The magnificent black poplar trees have become increasingly rare in the landscape over time due to several factors. Helen Bynum from the Suffolk Tree Wardens Network explains more about these magnificent trees, why their numbers dwindled, and the exciting new interventions that are being carried out to conserve and restore Suffolk’s cotton-trees.
Suffolk’s black poplars (Populus nigra subsp betulifolia) were known as cotton-trees for the white fluffy seeds which would have filled the air in late summer. Among natural stands of black poplar, the wind carried pollen from the male trees’ red catkins to fertilise the female trees’ yellow-green ones. These ripened into strings of green pods before bursting and releasing the wind-borne seeds.
If wind was vital for pollination and seed spread, it was water that provided the next essential element in the tree’s life course. Though produced in huge numbers, successful seed needed specific conditions on wet river margins with freshly exposed mud that didn’t dry too quickly.
Land drainage dried the land and flood prevention straightened and deepened river courses, removing the muddy meanders that profited the black poplars. People didn’t like all that fluff either, so although they continued to plant these very useful timber trees, often as standards in hedgerows, it was by taking cuttings from male trees.
It turned out that similar species of continental poplars gave useful wood and were faster growing, and they readily interbred with the native species. After the arrival of the European species in the late eighteenth century, non-natives, hybrids, and clones came to dominate the landscape.

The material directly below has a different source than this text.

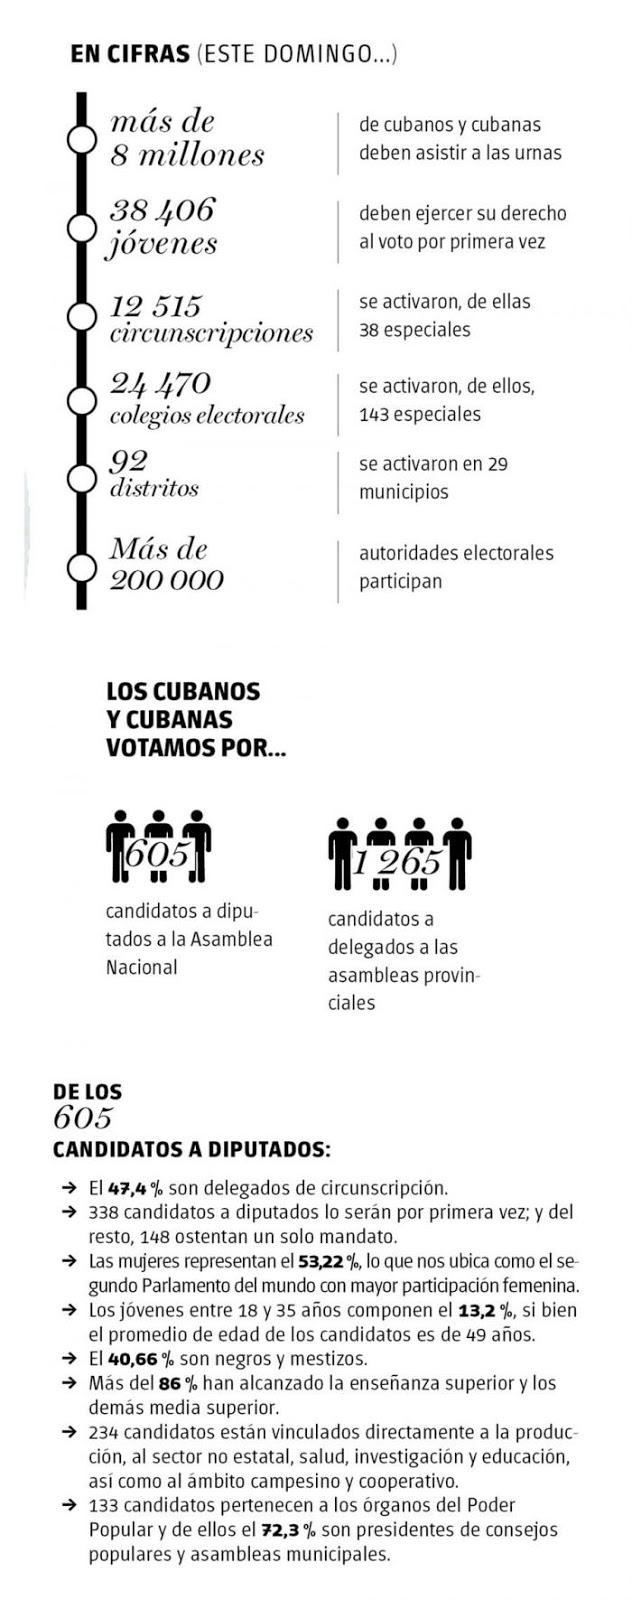 asociacionjgg: Ejercerán el voto ocho millones de cubanos mañana

For the native black poplar this meant a diminishing, ageing population which was heavily biased to the male gender and genetically very similar. Today such a population is unlikely to naturally regenerate easily through sexual reproduction. So, gene mixing is out, increasing the risk of a pathogen or climate shift devastating the remaining trees.
If we had put our hands onto the landscape to the cost of the native black poplar it has also proved possible to begin to mitigate the past harm. This involves restoring field floodplains and propagating trees.
The Dedham Vale AONB team have been collecting a range of black poplar tree material with detailed genetic provenance recorded and established a clone bank from their chosen cuttings. With the aid of volunteer planters, some 500 black poplars from here have already begun repopulating the Stour Valley.
In an exciting new collaboration with the Suffolk Tree Warden Network (STWN) the AONB team are passing on material from their trees to establish a new black poplar nursery. Members of the STWN have established a series of tree nurseries thanks to Suffolk County Council’s Suffolk 2020 fund.
Tree wardens David Appleton and Fe Morris have already successfully included some black poplar cuttings in their nurseries but the partnership with the AONB represents a significant contribution to black poplar conservation outside the AONB.
The new dedicated black poplar nursery will be located at Langham Hall Walled Garden, run by the experienced Steve Adams and Catherine Supple with their volunteer team.
The intention is to carefully record striking of cuttings from the AONB marked stock so progeny can be available for river and wetland restoration throughout the county. In addition to the nursery, two carefully selected male and female feather trees will be planted in a nearby river-meadow floodplain, in an area that’s managed to ensure the best chance of natural regeneration and successful seed germination.
Black poplars become sexually mature from around six to ten years, so this forward-looking project will take the best of East Anglia’s native black poplar stock from the AONB and give it an enhanced chance via the STWN to help future proof Suffolk’s cotton-trees.